Related: Defense One‘s complete coverage of Saudi Arabia

For the moment, it is largely Saudi Arabia’s Shiite minority that is voicing political demands. But the highly educated Sunni majority, with unprecedented exposure to the outside world, is unlikely to stay satisfied forever with a few favors doled out by geriatric rulers impervious to their input. And then there are the “guest workers.” Saudi officials, like those in other Gulf states, seem to think they can exploit an infinite supply of indigents grateful to work at whatever conditions. But citizens are now heavily outnumbered in their own countries by laborers who may soon begin claiming rights.

For decades, Riyadh has eased pressure by exporting its dissenters—like Osama bin Laden—fomenting extremism across the Muslim world. But that strategy can backfire: bin Laden’s critique of Saudi corruption has been taken up by others and resonates among many Arabs. And King Salman (who is 80, by the way) does not display the dexterity of his half-brother Abdullah. He’s reached for some of the familiar items in the autocrats’ toolbox: executing dissidents, embarking on foreign wars, and whipping up sectarian rivalries to discredit Saudi Shiite demands and boost nationalist fervor. Each of these has grave risks.

There are a few ways things could go, as Salman’s brittle grip on power begins cracking.

One is a factional struggle within the royal family, with the price of allegiance bid up beyond anyone’s ability to pay in cash. Another is foreign war. With Saudi Arabia and Iran already confronting each other by proxy in Yemen and Syria, escalation is too easy. U.S. decision-makers should bear that danger in mind as they keep pressing for regional solutions to regional problems. A third scenario is insurrection—either a non-violent uprising or a jihadi insurgency—a result all too predictable given episodes throughout the region in recent years.

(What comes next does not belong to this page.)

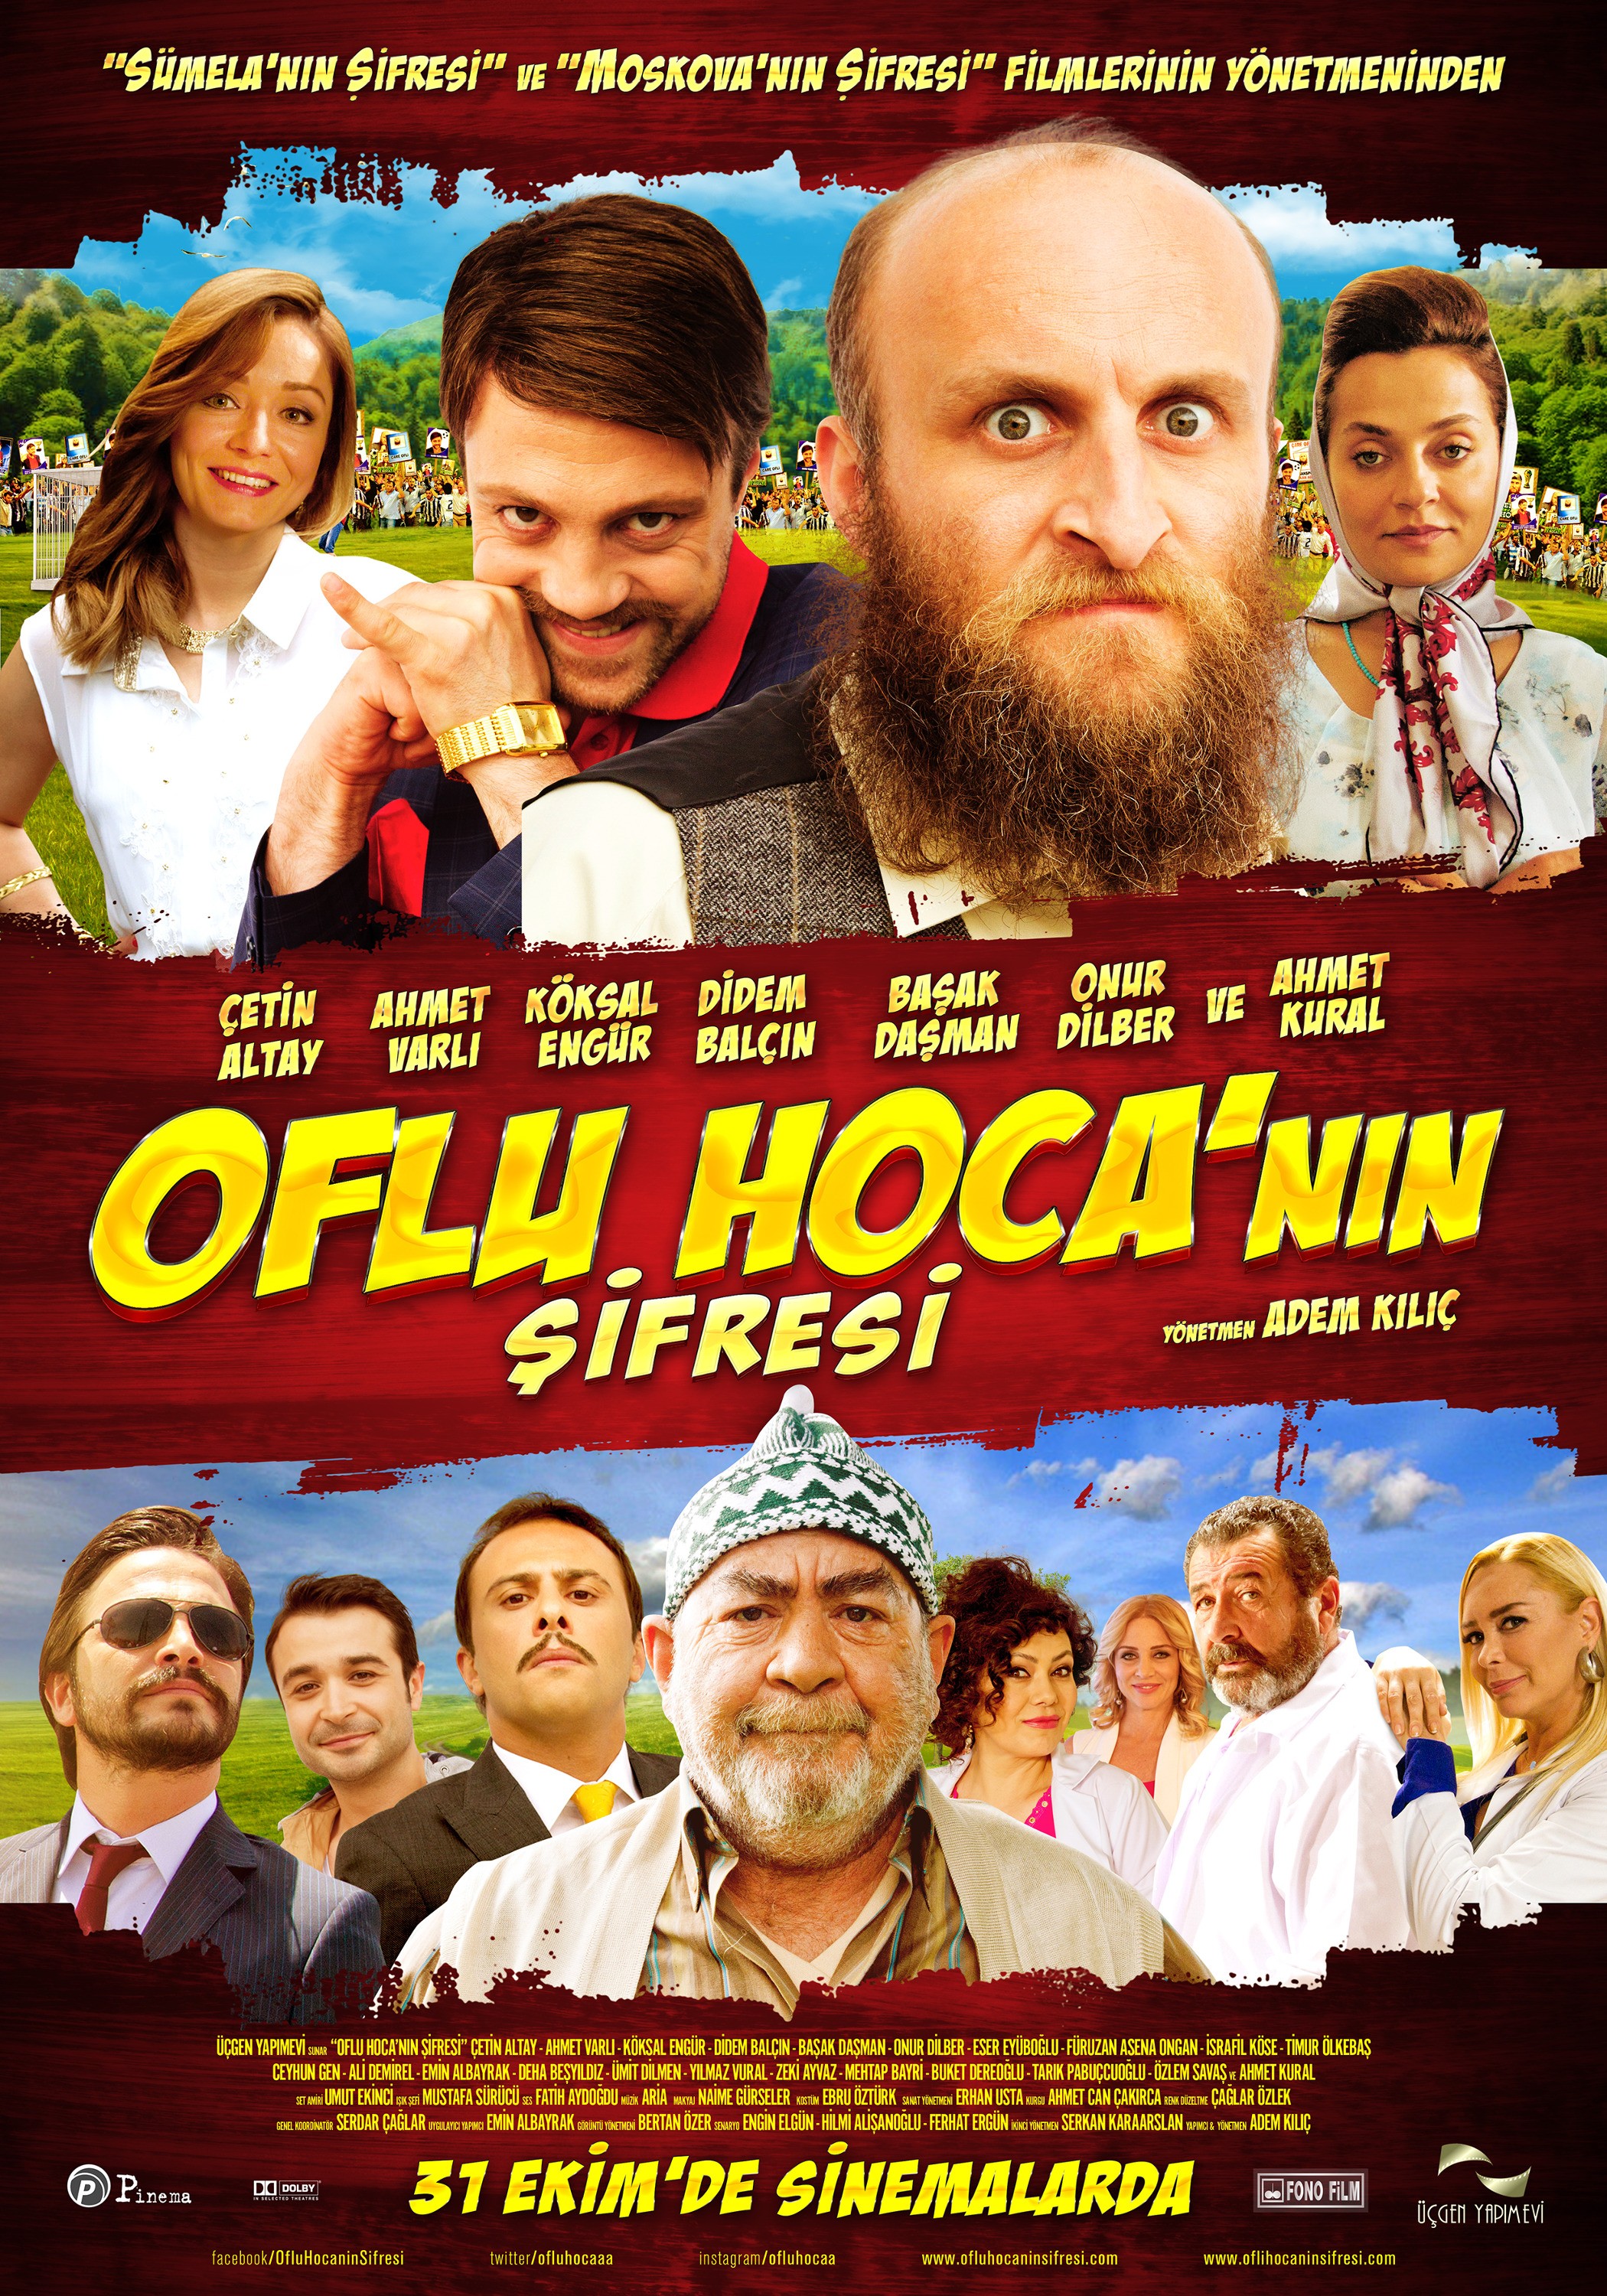 Mega Sized Movie Poster Image for Oflu Hoca'nin Sifresi

The U.S. keeps getting caught flat-footed when purportedly solid countries came apart. At the very least, and immediately, rigorous planning exercises should be executed, in which different scenarios and different potential U.S. actions to reduce the codependence and mitigate the risks can be tested. Most likely, and most dangerous, outcomes should be identified, and an energetic red team should shoot holes in the automatic-pilot thinking that has guided Washington policy to date.

“Hope is not a policy” is a hackneyed phrase. But choosing not to consider alternatives amounts to the same thing.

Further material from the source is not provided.